What I think we have here, is an OP whose own carrier had some sort of problem exchanging messages with one number in China when he tried once or twice. Which is more forgivable than you, who are pulling cardinal nonsense straight out of your arse based on nothing at all.
Re:Is this for real? (Score:1, Informative)
Re:Is this for real? (Score:1, Informative)
Sorry, this is just plain wrong. There are no plans to remove the ß from the German language. There was an orthography reform that established a clear rule when to use ß and when to use ss:
After short vowels, you now use ss : e.g. Kuss
After long vowels, you still use ß : e.g. Straße
There are some words that were subsequently changed from ß to ss, but only some. And there are another 6 non-ASCII characters in the German language anyway: the umlauts ÄäÖöÜü
I have been looking into this for a while... (Score:2, Informative)
Re:Is this for real? (Score:2, Informative)
Nope, you are completely wrong.
SMS is very popular in Japan and China. And, international interoperability between many U.S. carriers and China is going quite well. I know because I work for a company that makes it possible. We have millions of SMS and MMS messages flowing through our servers to many different countries.
Most cell phones are loaded area specific alphabets, so Greek, Cryllic, and even Arabic is available on phones.
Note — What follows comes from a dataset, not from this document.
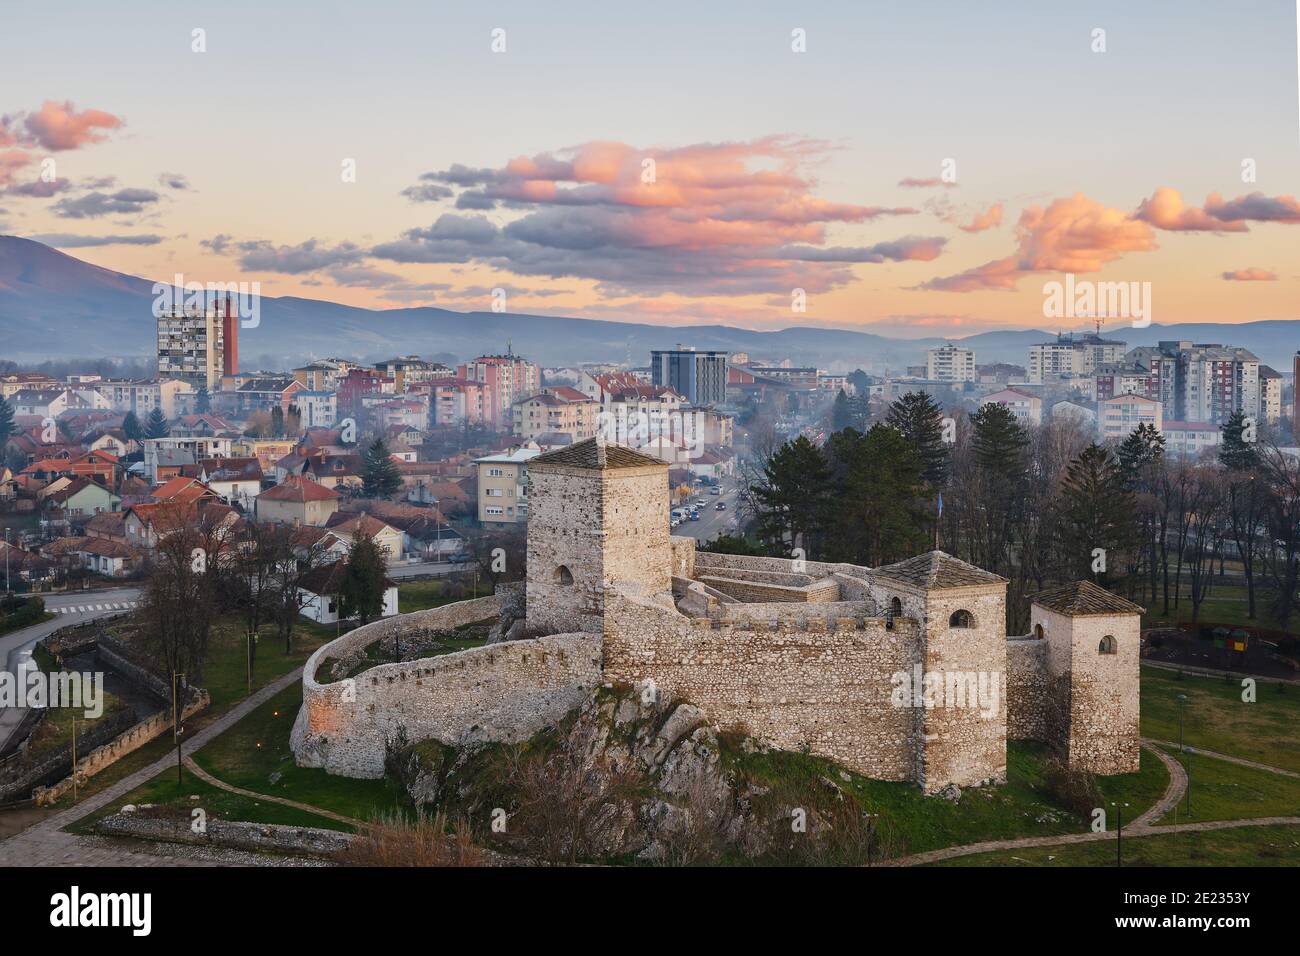 Wunderschöne, sanfte Farben der Wolken auf einem Sonnenuntergangshimmel über der alten Festung vor einer landschaftlich schönen, nebligen, verträumten Stadtlandschaft von Pirot, Serbien Stockfoto

I know because I worked for a major international cell phone manufacturer and have seen the phones.
Maybe you should actually learn about a subject before you prove your ignorance.
Re:Is this for real? (Score:3, Informative)
Ive never had any issues with receiving SMS on China Mobile. I suggest the author get a decent service provider because this problem has never existed for me.